*** Material provided Section Begins ***
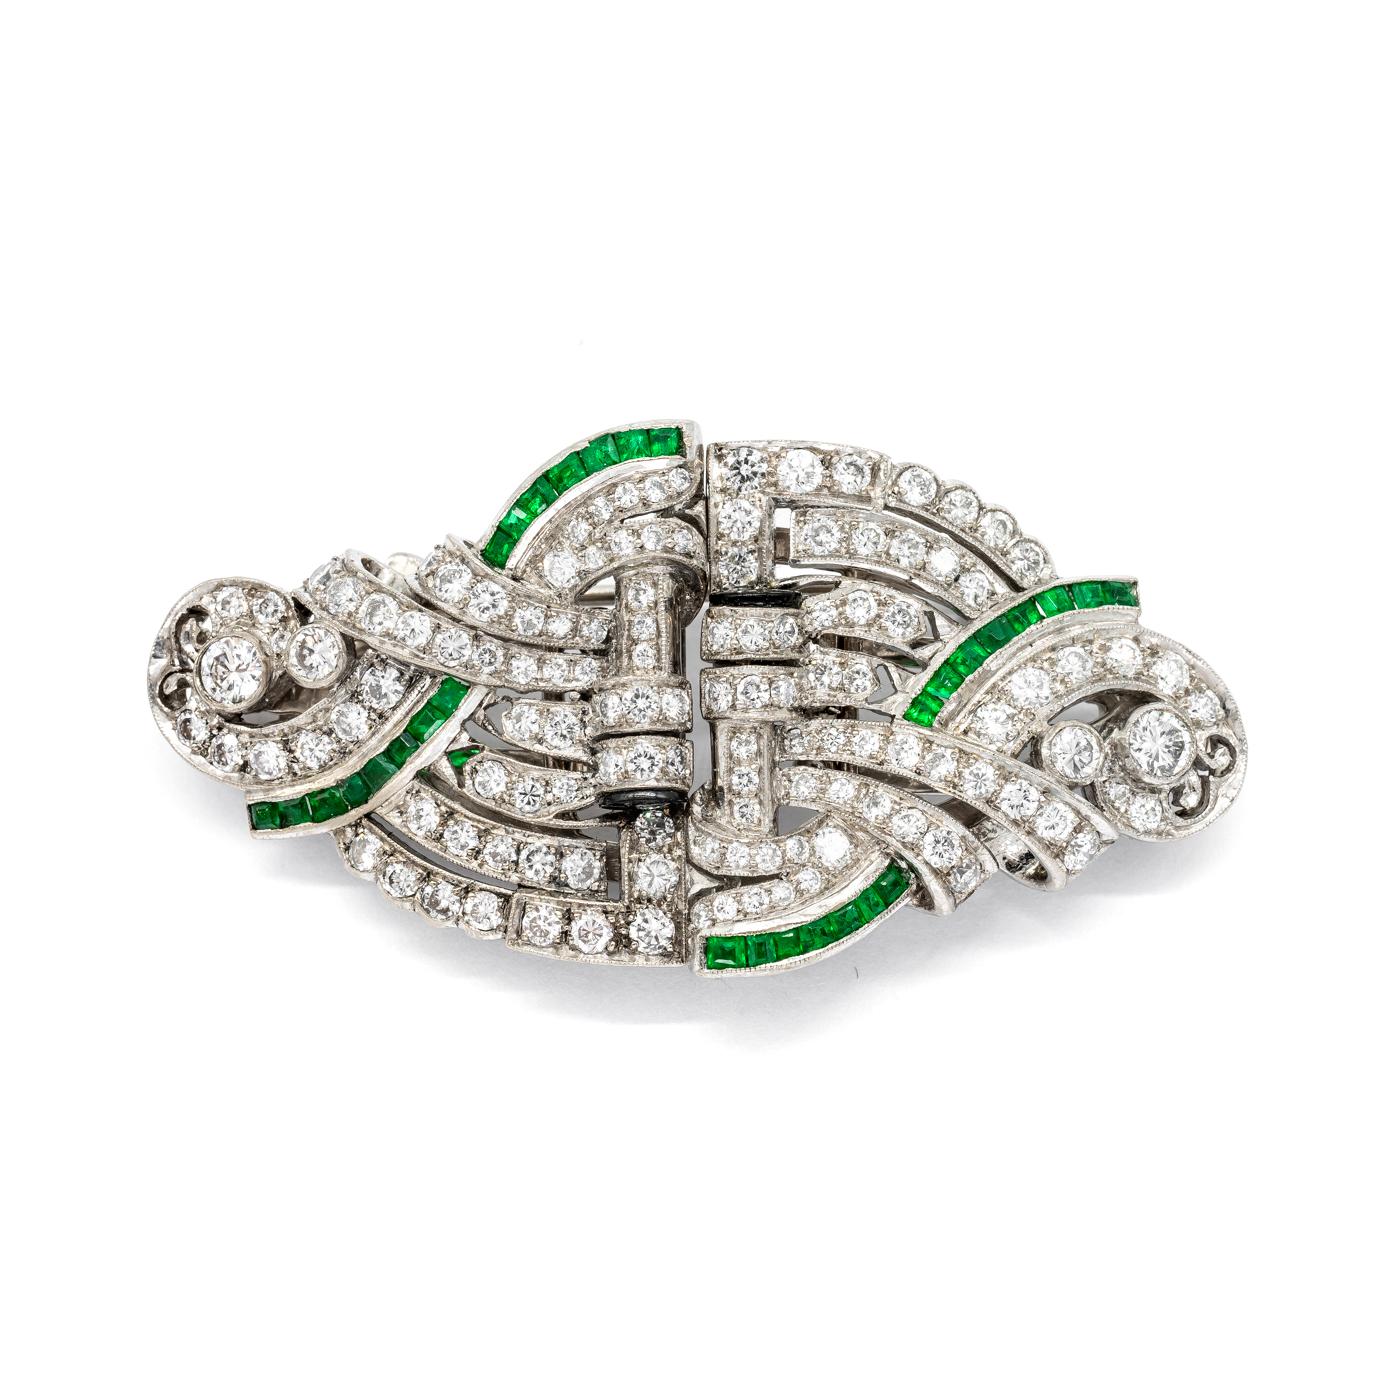 An Art Deco emerald and diamond double clip brooch, set with round brilliant-cut diamonds, weighing an estimated 2.60ct, and calibre cut emeralds, with black onyx finials, mounted in platinum with an 18ct white gold removable brooch fitting.
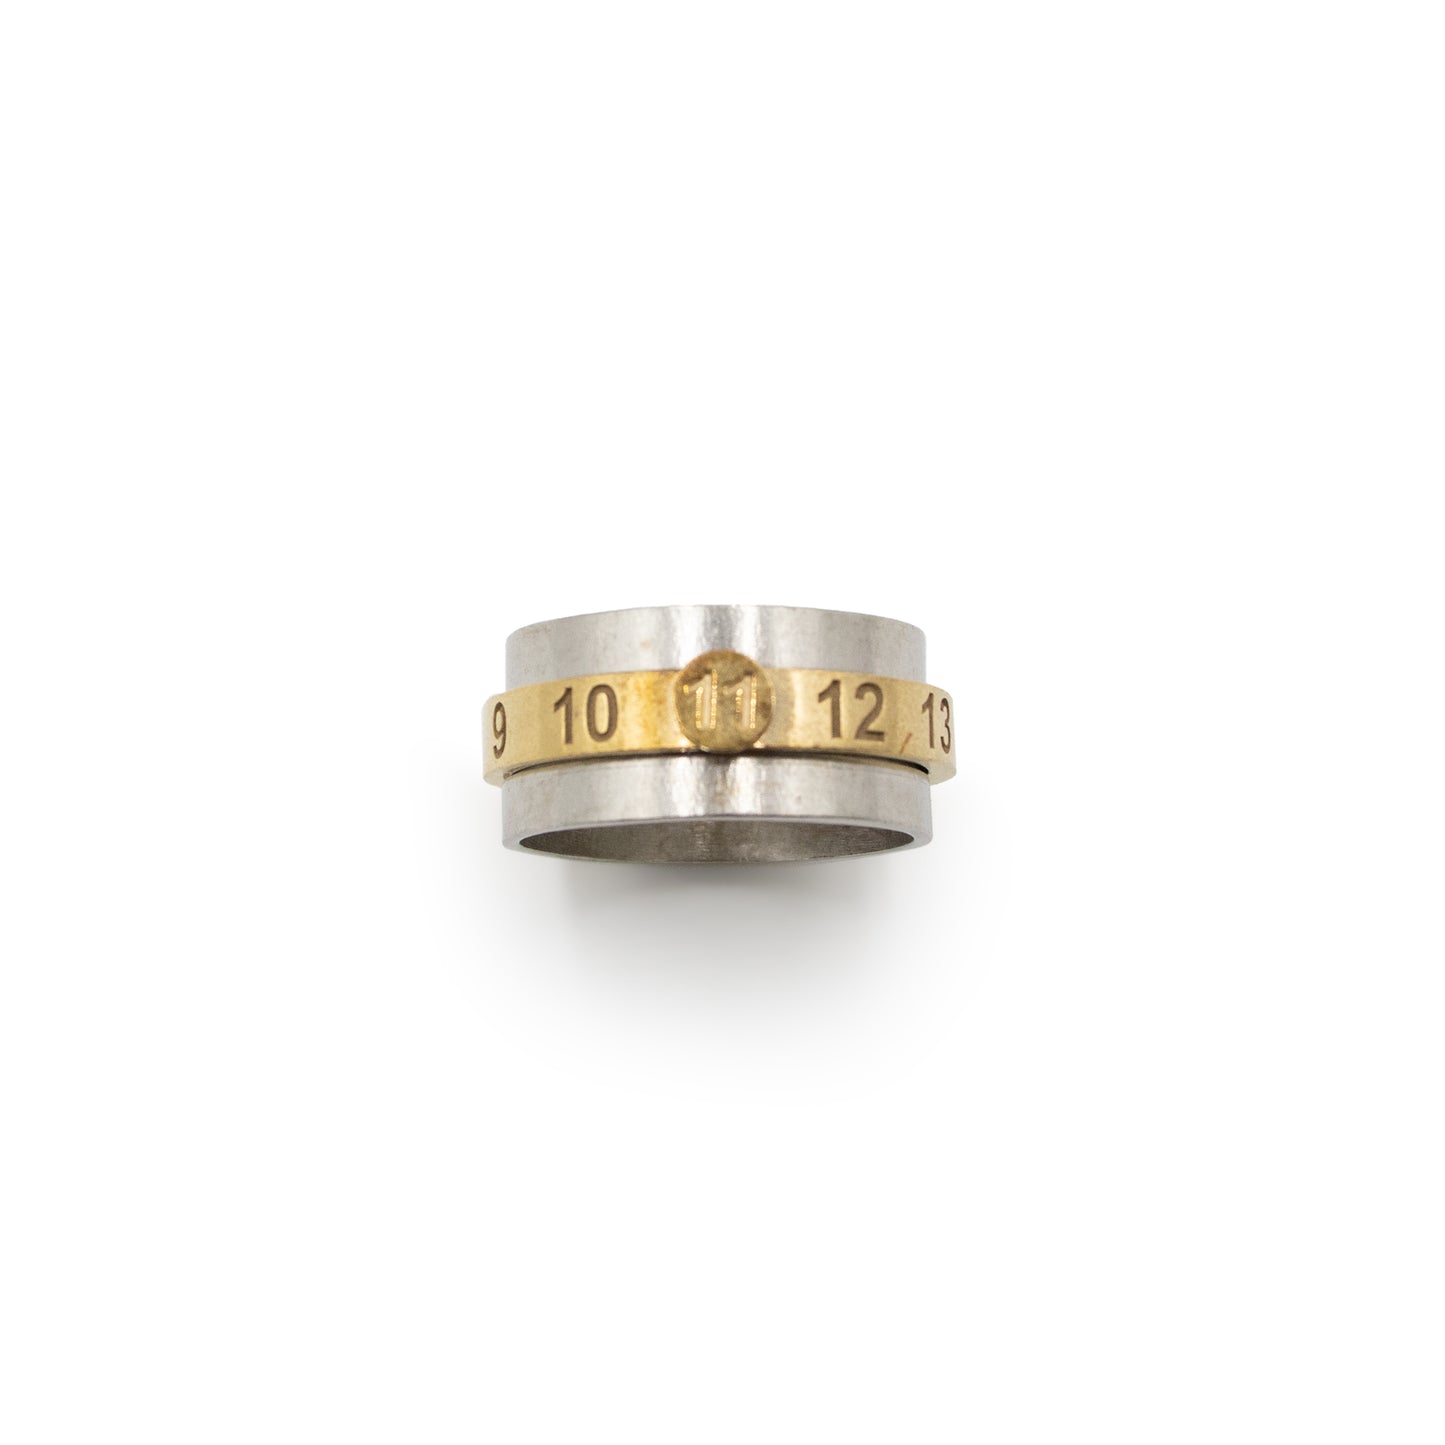 Number Engraved Ring in Silver/Gold
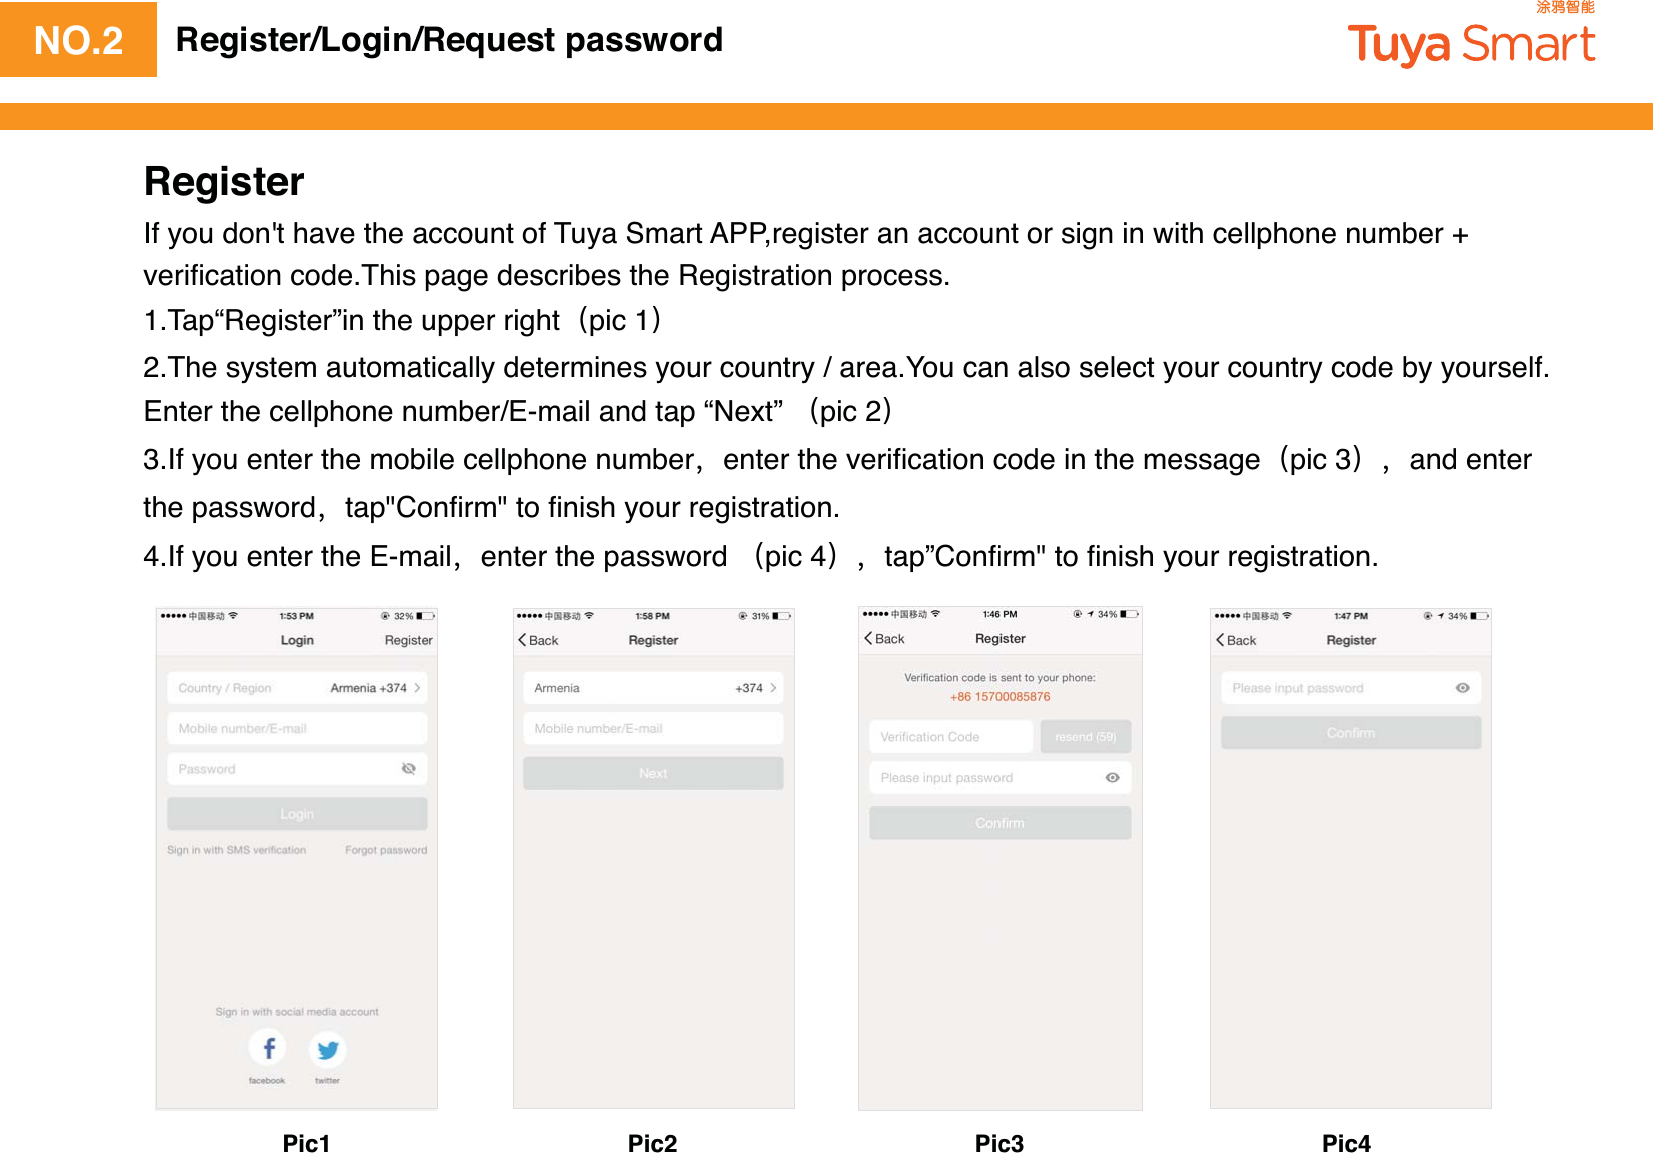 NO.2 Register/Login/Request passwordRegisterIf you don&apos;t have the account of Tuya Smart APP,register an account or sign in with cellphone number + veriﬁcation code.This page describes the Registration process.1.Tap“Register”in the upper rightpic 12.The system automatically determines your country / area.You can also select your country code by yourself.Enter the cellphone number/E-mail and tap “Next” pic 23.If you enter the mobile cellphone numberenter the veriﬁcation code in the messagepic 3and enter the passwordtap&quot;Conﬁrm&quot; to ﬁnish your registration.4.If you enter the E-mailenter the password pic 4tap”Conﬁrm&quot; to ﬁnish your registration.Pic1 Pic2 Pic3 Pic4
*** Material provided Section Ends ***
Task requirements: Leave out any pictures, please, and quote only the lines from the top of the data through the line that contains "Number Engraved Ring in Silver/Gold".

Answer box:
 An Art Deco emerald and diamond double clip brooch, set with round brilliant-cut diamonds, weighing an estimated 2.60ct, and calibre cut emeralds, with black onyx finials, mounted in platinum with an 18ct white gold removable brooch fitting.
 Number Engraved Ring in Silver/Gold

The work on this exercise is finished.